Imagine Bynum on those early breaks posting deep and getting the dunk every time instead of jostling in the paint for 10 seconds as Fish/Blake try and find an angle to get him the ball. 

Imagine Gasol being the midrange assasin off of easy pick and pop pick and roll baskets with Kobe dragging the defense out to the wing. 

I mean Nash would be a liability on defense but we have that now. But with out rebounding and then our offense with Nash it would be so easy. 

Kobe has been so conditioned to taking bad shots he takes 9-10 What the **** shots a game because no one hardly ever generates offense for him. I think he resents that sometimes and therfore ignores his teammates who wanna always eat off his dimes. 

Hell in last nights game it was a struggle just getting Kobe the ball. 

I always say that MJ had it so easy playing with Pippen haviing a great athlete at 6'8 who could always get you the ball easy for quick takes. 

Kobe hasn't had it sweet like that since Shaq left.


----------



## jazzy1 (Jul 16, 2002)

Jamel Irief said:


> Brown clearly is still working on his rotation. He plays kapono at backup 2 one game, Ebanks the next and Goudelock tonight. He still can't decode who the first big off the bench is between Murphy and mcroberts.
> 
> The SF issue should be settled. I was all for ebanks, but I like him more with the ball then off it. Hell metta is barely playing the last two games.

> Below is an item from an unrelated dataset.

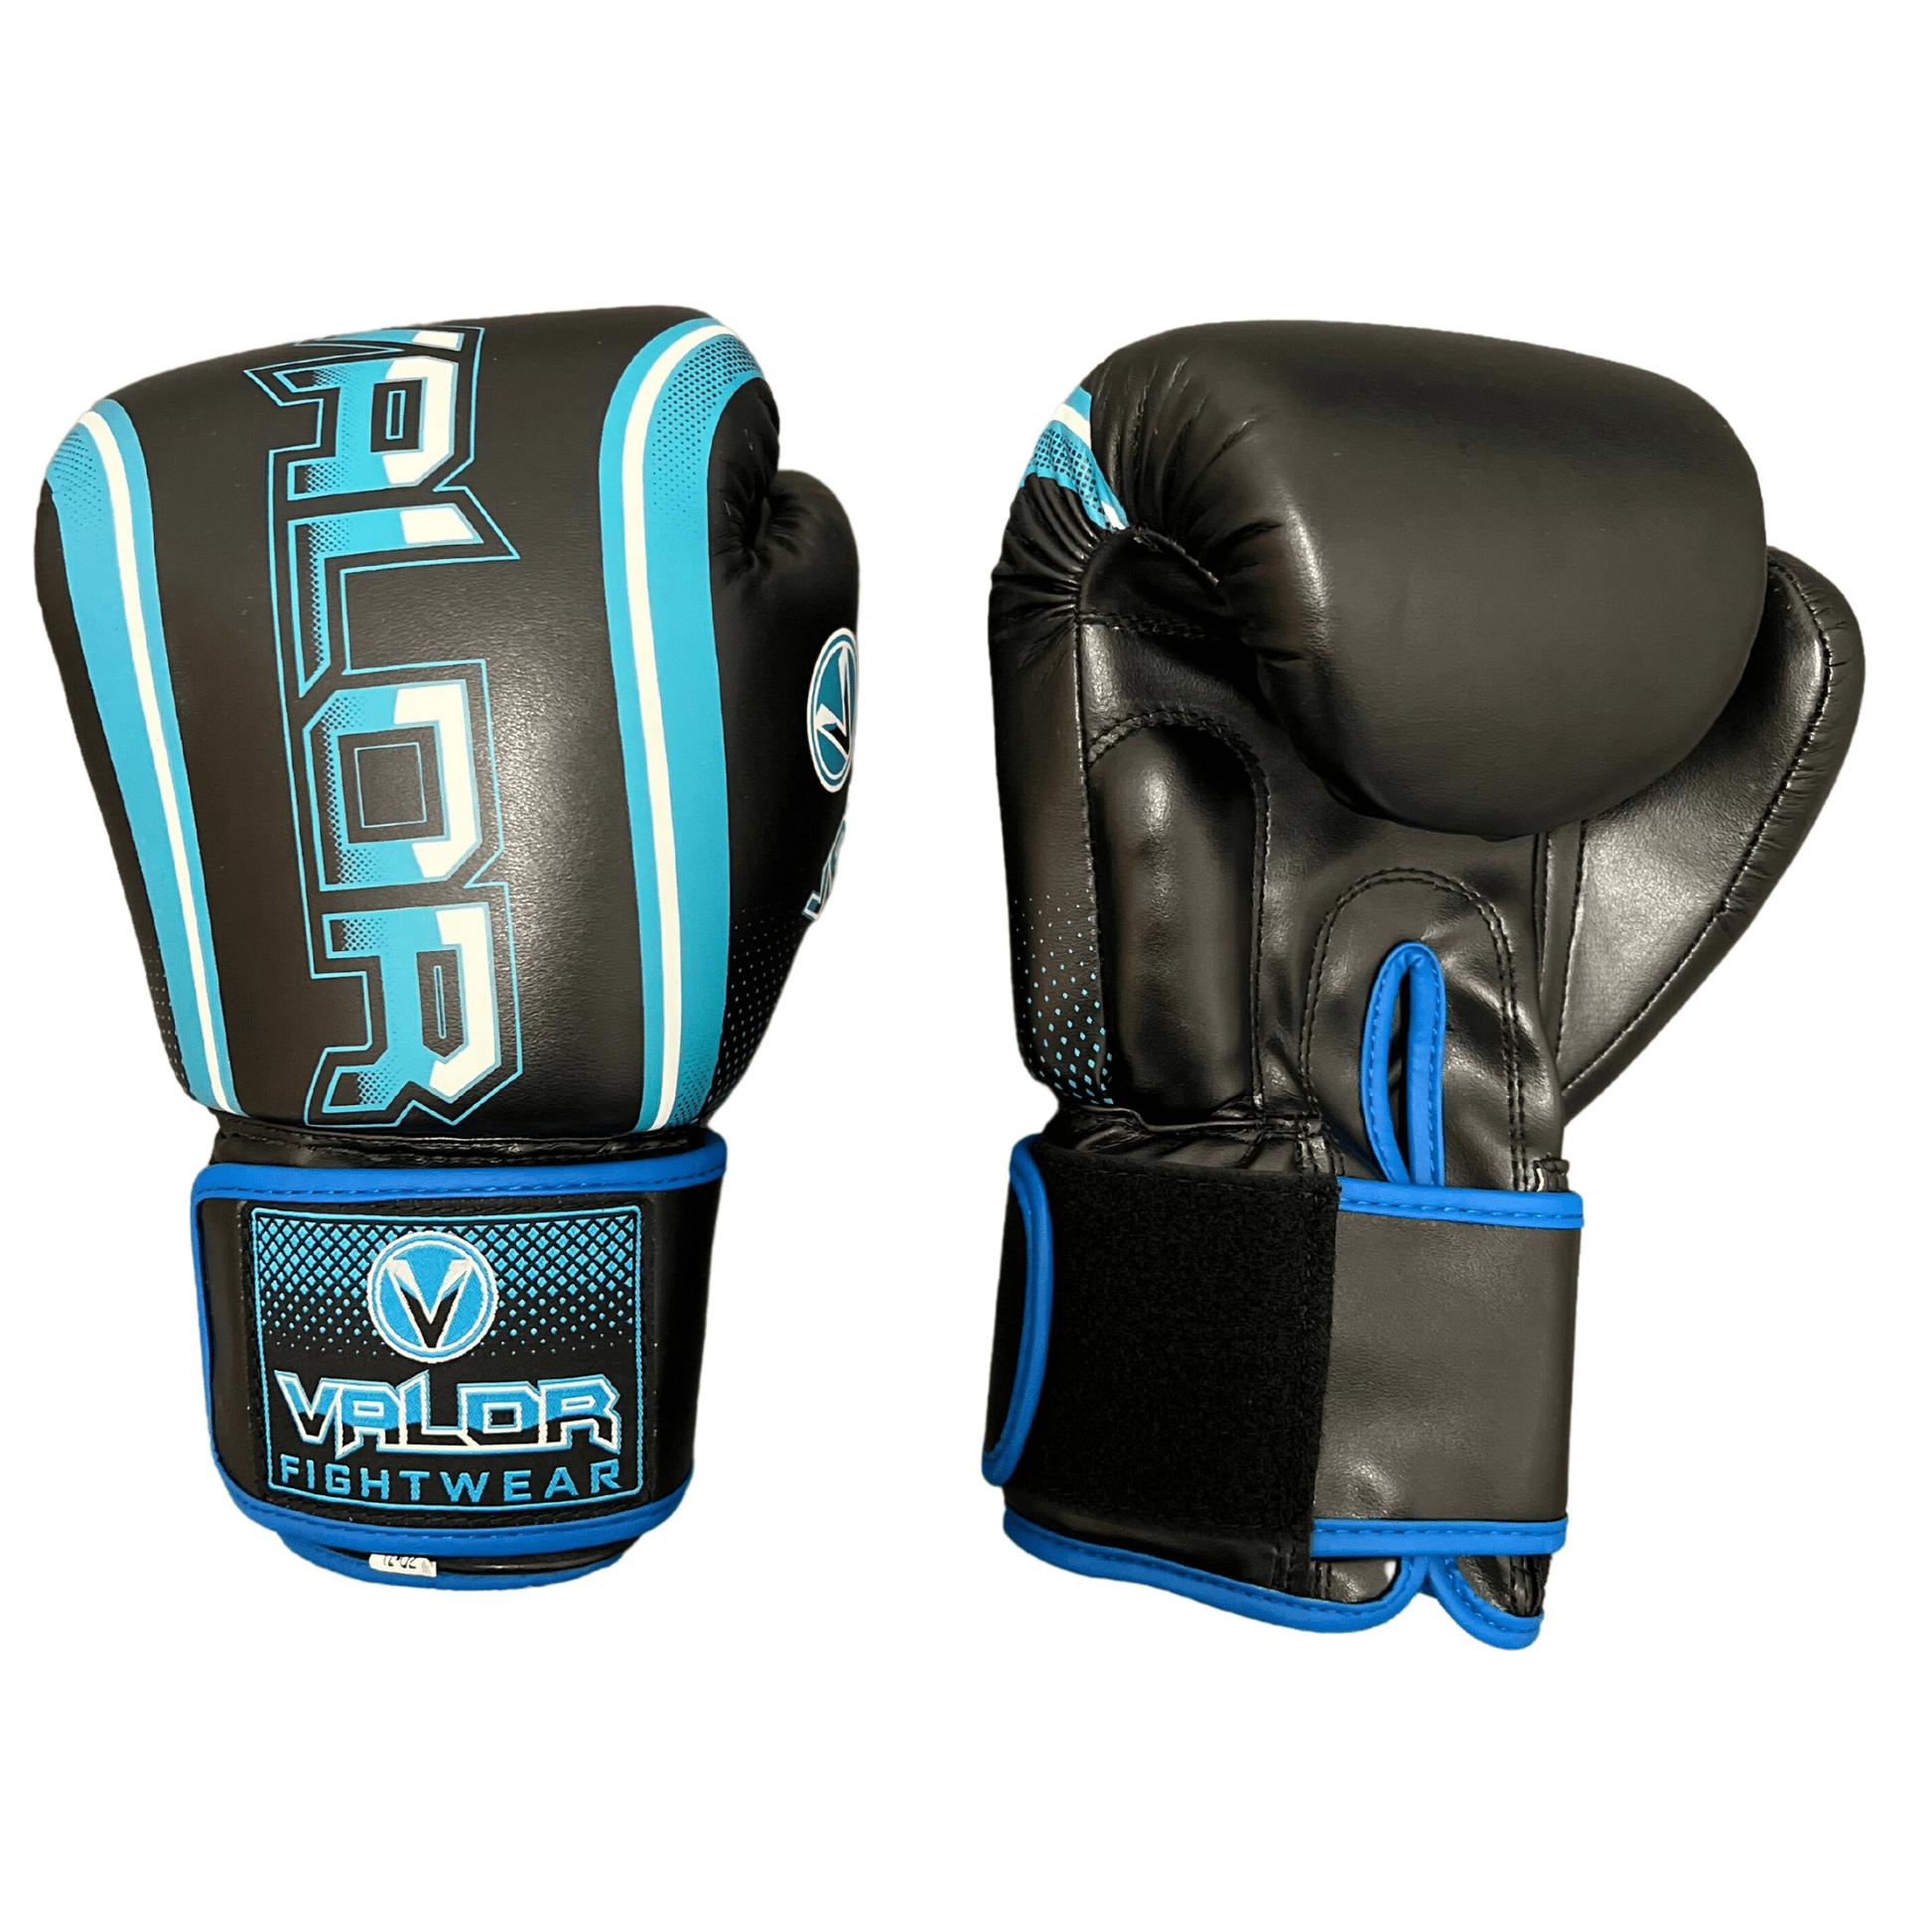 Fade 12oz Boxing Gloves - Black/Blue - Valor Fightwear Boxing Gloves Valor Fightwear

Seems like Metta and Fisher have come back not in shape to be real contributors. Maybe by midseason they actually start doing shit. 

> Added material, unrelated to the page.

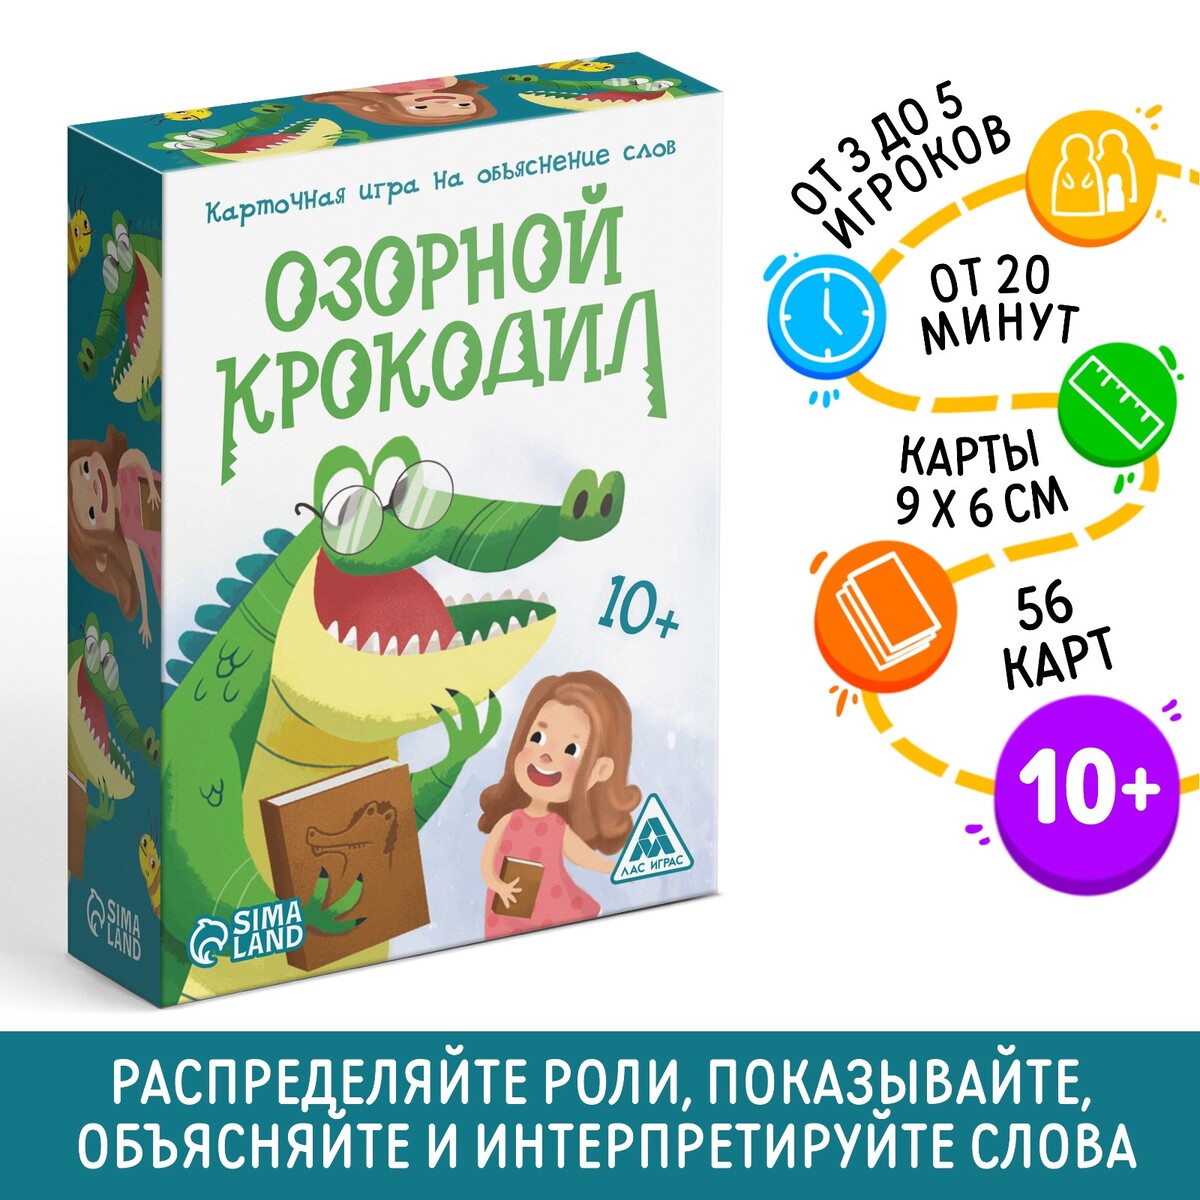 Карточная игра на объяснение слов карточная игра doobl image развивающая память обычные карты динозавры

Barnes is ready. Almost every basket he gets is an easy one.


----------



## Jamel Irief (May 19, 2002)

jazzy1 said:


> I am seriously warming to this idea. Simply because our pg play is just dreadful. If we got Nash there is no one that would beat us we'd be clear favorites for the NBA Title then.
> 
> simply because we would become more efficient. Kobe with Nash would get 25 of the easiest pts a game he has ever scored. Imagine someone giving Kobe the ball in the right spots all the time without worry of a turnover Kobe off the ball getting plays where he can just catch take 1 dribble and shooot.
> 
> ...


You really have to warm up to the idea of adding Nash for nothing? God lord we would have no flaws offensively. Bynum would average 22 a game.


----------



## Wilt_The_Stilt (Jun 7, 2002)

Murphy is a little more aggressive looking for his shot. That's a good thing. Blake is too, although our point guard situation is still dreadful. A guy like Dragic would be nice. He can't be too expensive but he would help out in a lot of areas.


----------



## jazzy1 (Jul 16, 2002)

Jamel Irief said:


> You really have to warm up to the idea of adding Nash for nothing? God lord we would have no flaws offensively. Bynum would average 22 a game.

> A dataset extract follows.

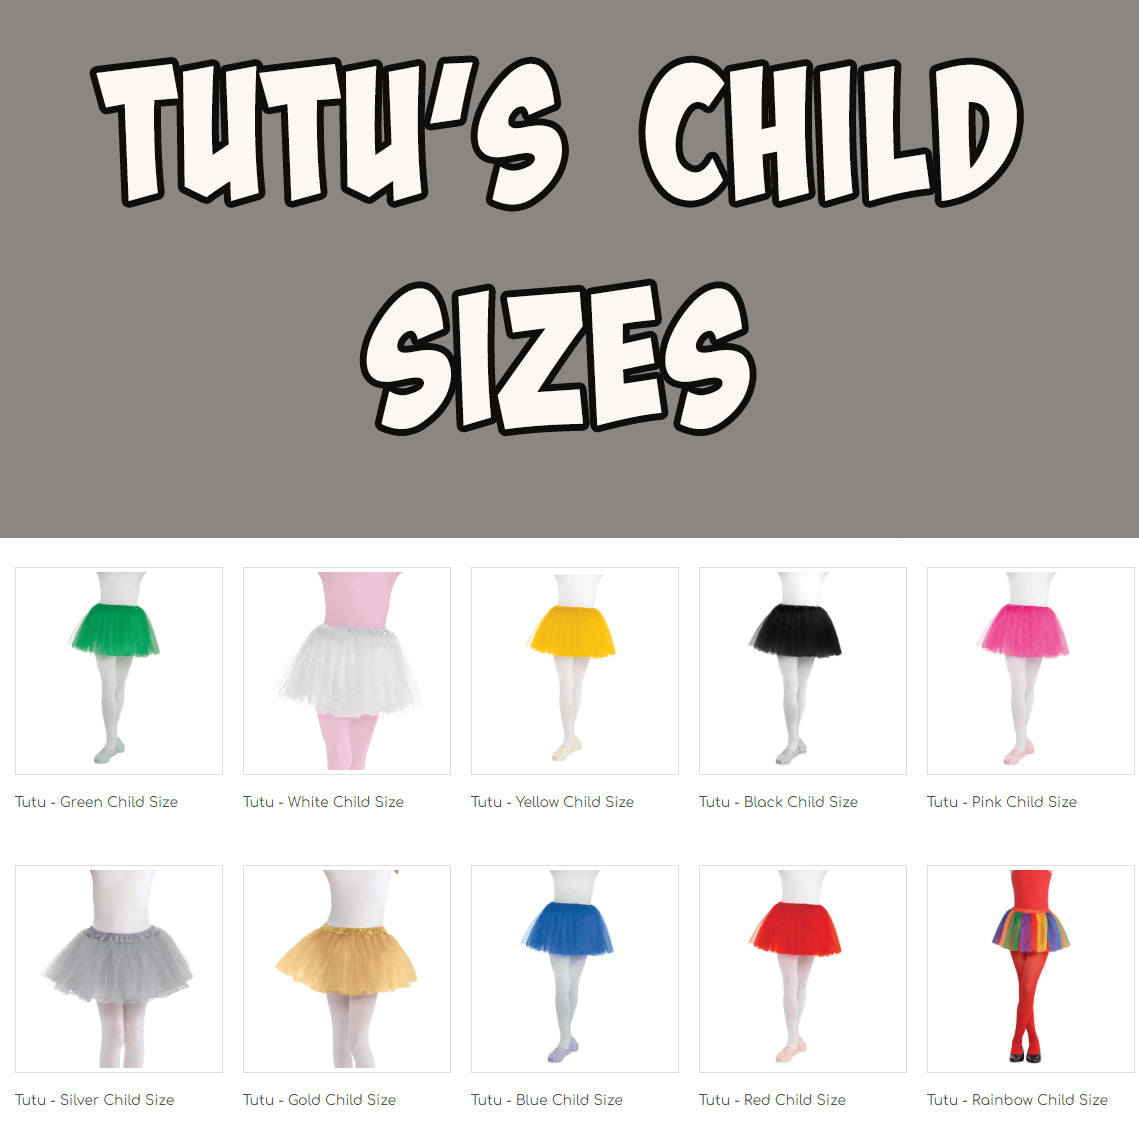 Tutu Child Size

Not a Nash fan maybe the worst pg on the defensive end of the floor of alltime despite his offensive brillance.


----------



## ceejaynj (Oct 9, 2005)

I haven't seen Nash play yet this season, so it's hard to say how much he has left in the tank at his age. I know he is six months younger than Fish. Assuming we kept Fish, picking up Nash would give us the oldest back court in the NBA. Not to mention a continued disadvantage on defense. Picking up Nash would be a very short-term solution. I love Steve Nash and I think he would be a great fit...but do we wanna go in that direction?


----------



## Jamel Irief (May 19, 2002)

ceejaynj said:


> I haven't seen Nash play yet this season, so it's hard to say how much he has left in the tank at his age. I know he is six months younger than Fish. Assuming we kept Fish, picking up Nash would give us the oldest back court in the NBA. Not to mention a continued disadvantage on defense. Picking up Nash would be a very short-term solution. I love Steve Nash and I think he would be a great fit...but do we wanna go in that direction?


It would make the lakers very strong contenders for the next 2-3 years. The time is now to win more rings. Goudelock isn't a future Kobe. 

Besides it would be for nothing. Fisher would be a 3rd stringer.


----------



## ceejaynj (Oct 9, 2005)

Jamel Irief said:


> Besides it would be for nothing. Fisher would be a 3rd stringer.


I love Fish...but I can live with that!


----------